Poi a capo del mondo qualche tempo dopo arrivano loro: Nikita Chruščёv e John F. Kennedy, sono meno bellicosi dei rispettivi predecessori, eppure è proprio con le loro leadership, che nel 1962, la crisi dei missili a Cuba porta il pianeta a un passo dalla guerra totale. La terza guerra mondiale, quella che non farà né vincitorivinti. Non succede nulla – ce ne saremmo accorti – ma tanto basta a dare il via a quei trattati infiniti che, a metà degli anni ’70, porteranno con Nixon e Brežnev alla cosiddetta “distensione”.

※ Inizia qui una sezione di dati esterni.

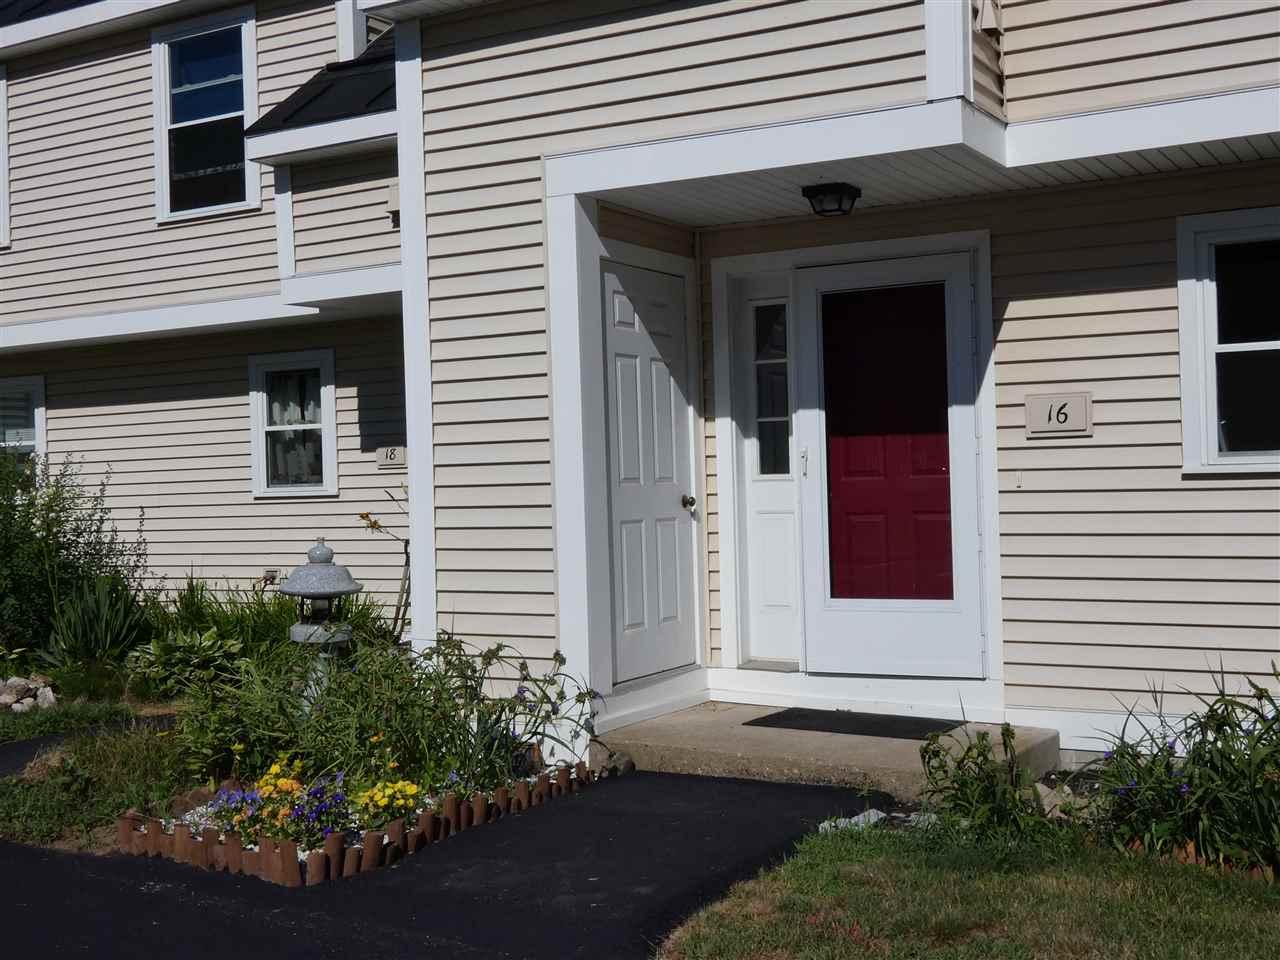 image of Concord NH Condo | sq.ft. 1142

Stranamore e il salvatore del mondo

L’incubo nucleare comincia a scolorire, mentre Stanley Kubrik ha ormai incollato un altro tassello all’immaginario collettivo e un titolo che diventa emblematico della follia che agita le contrapposizioni. Esiste da qualche parte un “Dottor Stranamore”? In occidente c’è chi ci crede, e c’è chi crede che tutto possa ancora accadere, magari solo per errore. Un errore effettivamente ci sarà, il 23 settembre del 1983, quando sugli schermi sovietici si vede comparire la traccia di cinque missili nucleari sparati dagli Stati Uniti. Il protocollo impone che dall’URSS si risponda con eguale moneta, ma qualcuno disobbedisce, l’ufficiale Evgrafovich Petrov, che non crede all’attacco, non schiaccia quei pulsanti ed ha ragione. La sua storia l’ha scovata Roberto Giacobbo e raccontata nel libro “L’uomo che ci salvò dall’apocalisse” (Edizioni Rai Eri).

La caduta dell’impero

Col crollo del Muro di Berlino e la dissoluzione progressiva dell’Impero sovietico, l’incubo nucleare – ormai passato di moda – si manifesta sotto altre forme e tra storia, misteri e complotti procede sottotraccia, distante dai pensieri della massa. Che fine abbiano fatto gli arsenali Sovietici nelle ex Repubbliche dell’impero, e la possibilità che materiale sensibile sia finito nelle mani sbagliate sembrano i presupposti perfetti per un romanzo di spionaggio del XXI secolo, un romanzo che tira in ballo terrorismo e dittatori colpevolmente dimenticati dalle cronache.

Barak e l’Iran

A porvi rimedio – si spera – è Barak Obama che nel 2010 firma con la Russia il “New Start” un trattato di controllo sulle armi strategiche. Una serie successiva di vertici sulla sicurezza nucleare contribuiscono a evitare che il materiale fissile venga disperso non si sa come. Ma probabilmente il successo più importante dell’ex presidente USA in questo campo è aver assicurato un accordo per limitare il programma nucleare iraniano per i prossimi 10-15 anni.

Kim e Donald

E così le potenze atomiche restano nove. E se la condizione di perenne minaccia che vive Israele è preoccupante, non di meno lo è l’odio armato tra India e Pakistan. Tuttavia oggi è la Corea del Nord a far tremare le vene ai polsi, e fa tremare anche la terra, considerando che il test della bomba idrogeno da 120 chilotoni sganciata domenica scorsa ha provocato due scosse sismiche di magnitudo 6.4. L’incubo adesso sono loro: il dittatore coreano Kim Jong Un e il presidente USA Donald Trump. Due galli minacciosi in cima al mondo cui la Storia ha assegnato della pagine da riempire. Speriamo di cavarcela.